A lot of the times people will classify epithelioid sarcoma as having two main types, and they’ll call them the proximal type or the distal type. And actually, the way these types are classified is really the way it looks to the pathologist under the microscope. So when we say proximal, usually, in medicine, that means close in, close to the trunk, and distal means way out, like in the extremities. So the classic presentation of distal epithelioid sarcoma would be in the hand or the arms or legs, whereas the proximal is really more in the trunk, and particularly in the pelvis. That’s a really tough place for epithelioid sarcoma to go.
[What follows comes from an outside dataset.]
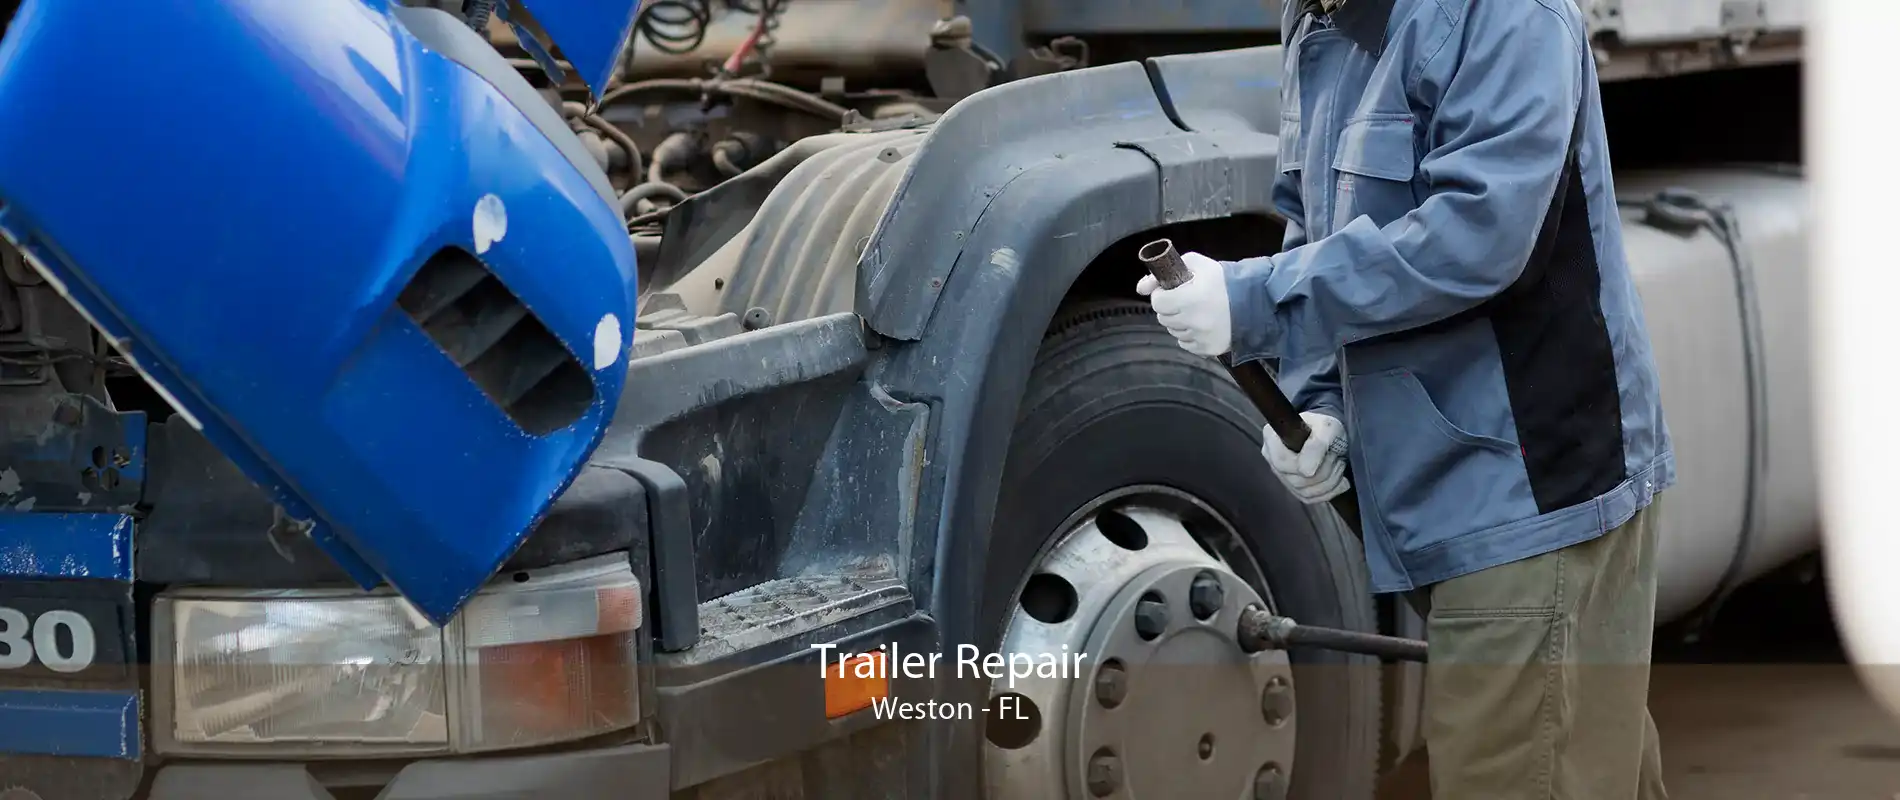 Trailer Repair Weston - FL

Now, I mentioned that, really, the way we classify them is based on the pathology. So there are cases where it’s a really strange thing. You could say that you have a proximal epithelioid sarcoma, even though it’s anatomically distal, even though it’s in the hand because the pathologist thinks it looks more like the classic proximal epithelioid sarcoma.

Question:

While your experienced oncologists needed in the treatment of epithelioid sarcoma.

Seth Pollack, MD:

It can be very frustrating for epithelioid sarcoma patients that don’t have a doctor in their life that has ever treated an epithelioid sarcoma patients. And if that’s you or if that’s the person that you know and love with epithelioid sarcoma, I would say it can’t hurt to get another opinion from a major sarcoma center. And you don’t have to go to them for all of your visits. Usually, I have people all the time who come from a few hours away, so they wouldn’t want to come to me for treatment all the time, but they just come and we chat once a year or every six months, and I got their doctor on my cell phone, and we text and we just try and stay in the loop. So I think it’s important that people have somebody experienced with epithelioid sarcoma involved in their care, and I think they can do that without replacing their whole team.